Did you get apples from it?
The other affect of bending branches all the way to horizontal and lower is that branches then tend to store more carbos for fruit production. It is useful in species and varieties that refuse to GROW UP sexually but insist on doing so vegetatively.
Festooning is an old English technique often used on E. plums to encourage fruiting where branches are pulled down well below horizontal. You deal with water sprouts with summer pruning so the lowered branches continue to receive good light. It seems to be effective IME. I also use it a lot with N. Spy, the most upward growing, Peter Pan of a variety of apple I grow.
It would be precisely the wrong way to train GR unless it was an espalier. Then you’d pull the branches down annually after they had a chance of some upward growth.

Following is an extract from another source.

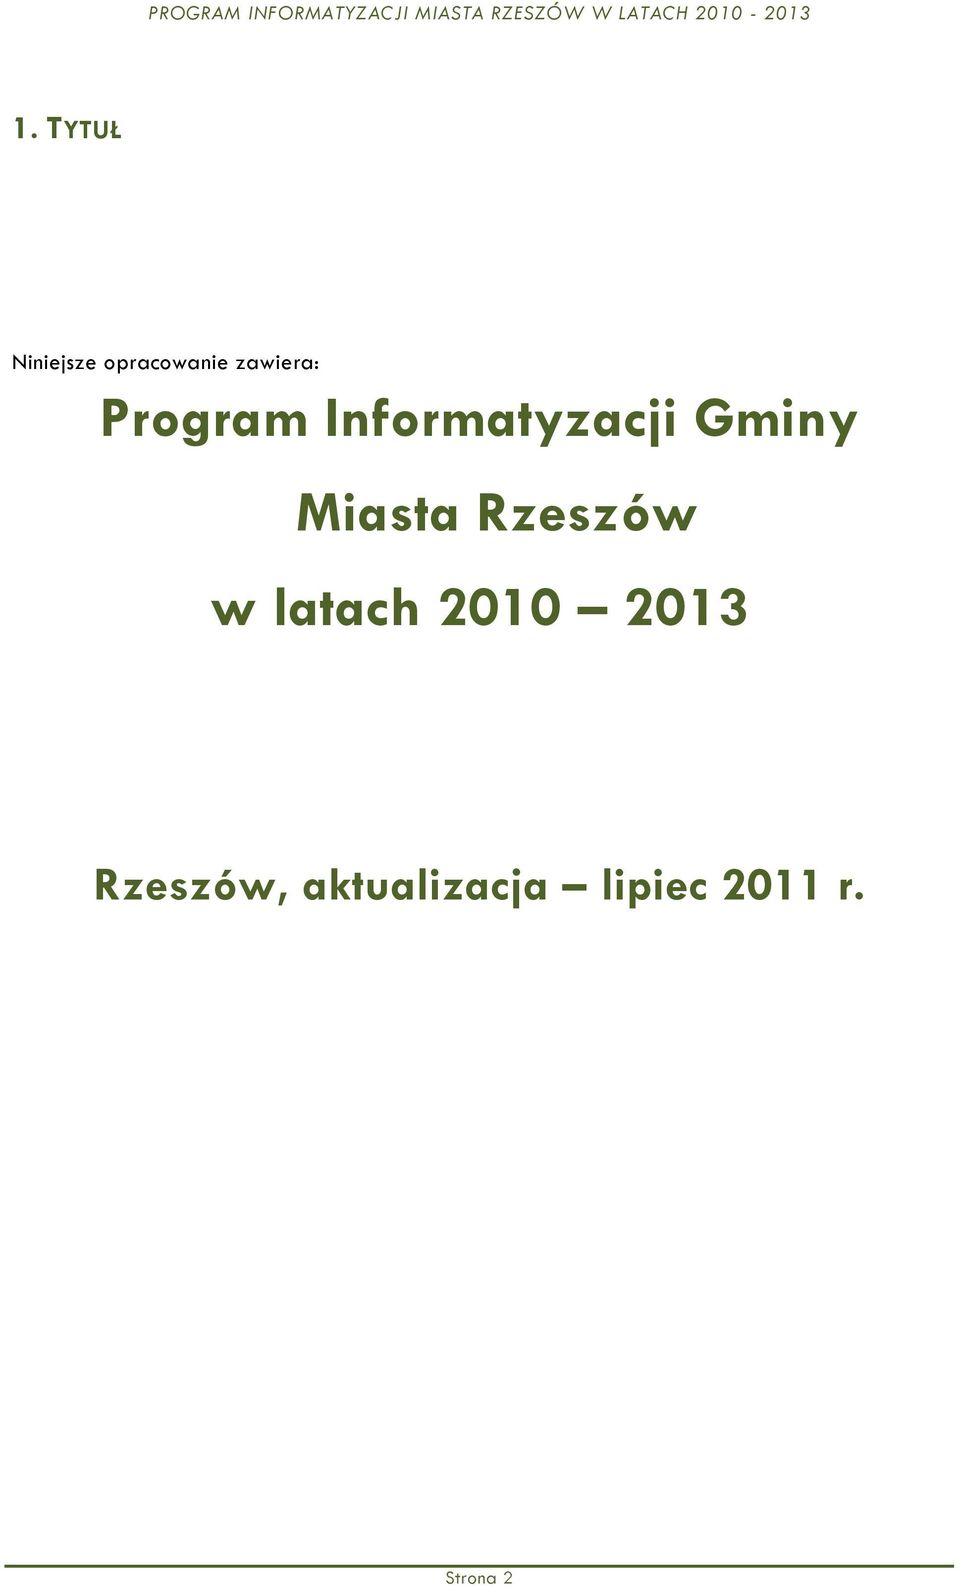 Gminy Miasta Rzeszów w latach 2010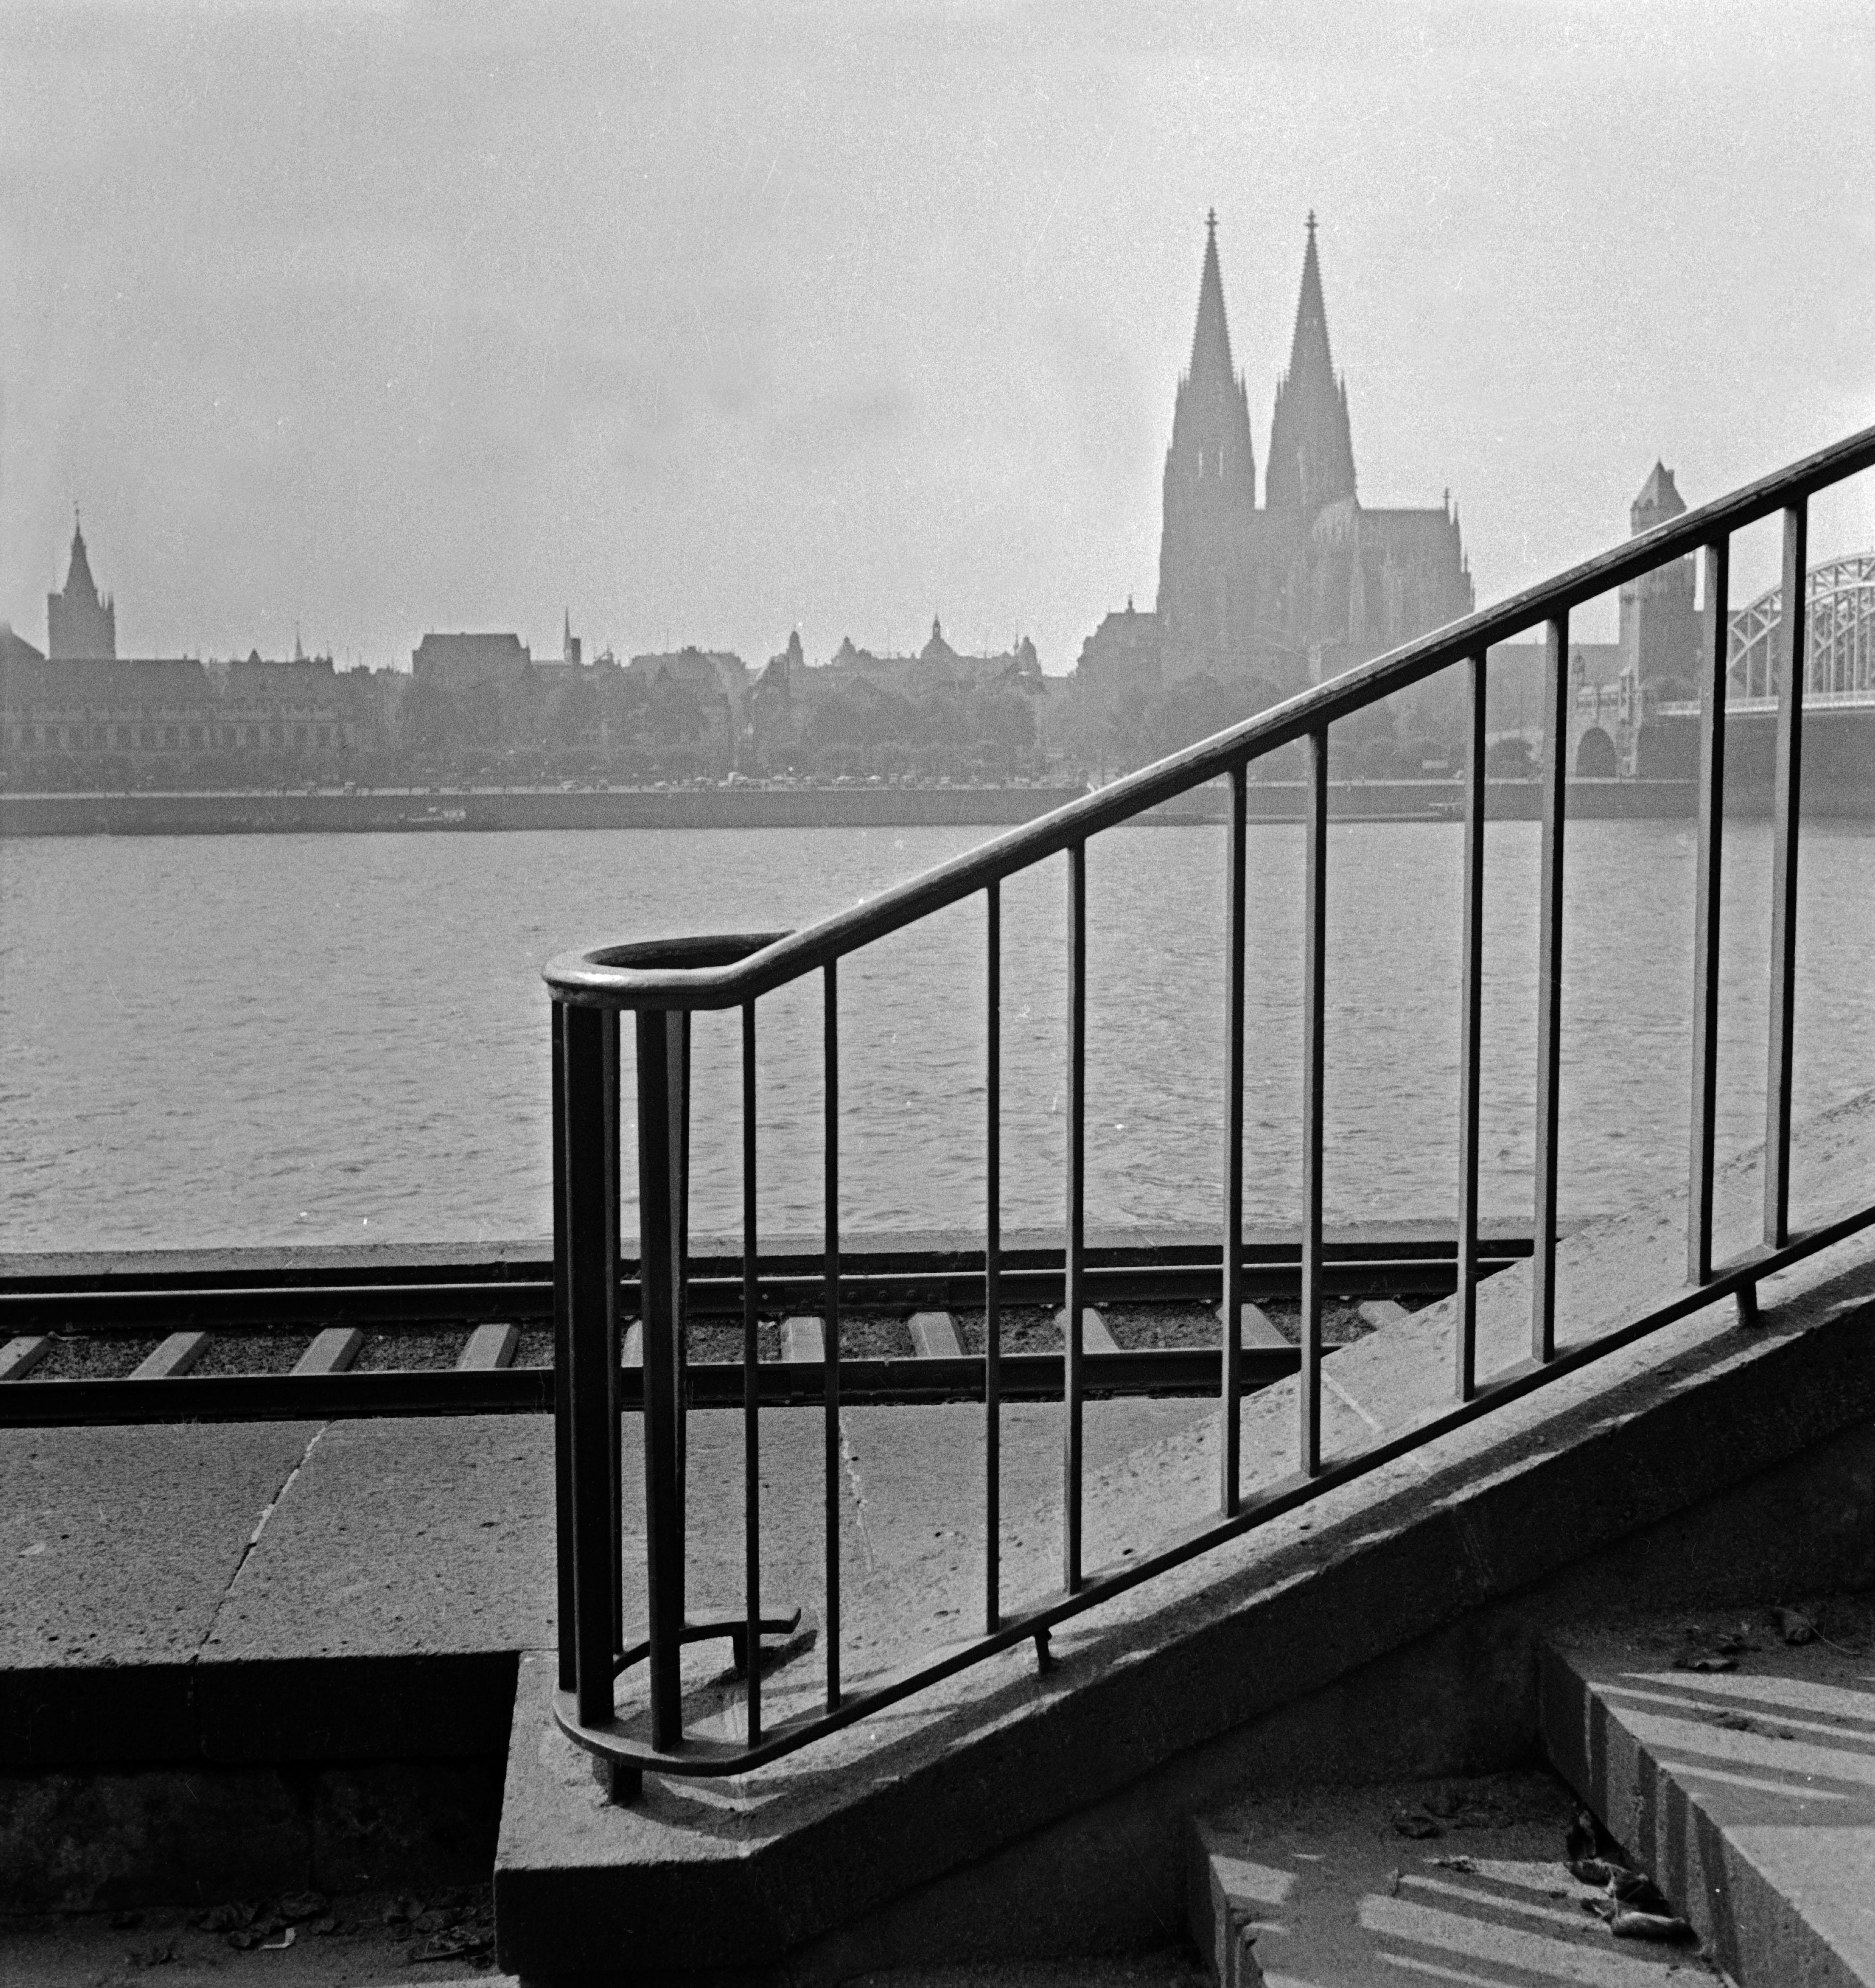 Black and White Photograph Karl Heinrich Lämmel - Cologne, Allemagne 1935, Imprimé ultérieurement

I’m still learning the art of limb bending and I have some ranging from 45 to 90 degrees. The scaffolds with approximately 65 degrees seem to be working best for me. They tend to continue growing and also send out fruit spurs. As someone in a previous post said it is easier to start the bending while the trees are small. Thanks Bill
Its my understanding that the proper training technique depends more on the apple tree spacing than the variety. Where trees are planted close together in a high density orchard on a dwarf rootstock, its necessary to bend the lateral limbs down to keep them from exceeding the available space and to keep their diameter small. Starting around year 4, the largest diameter lateral branch is removed each year and each branch is “simplified”.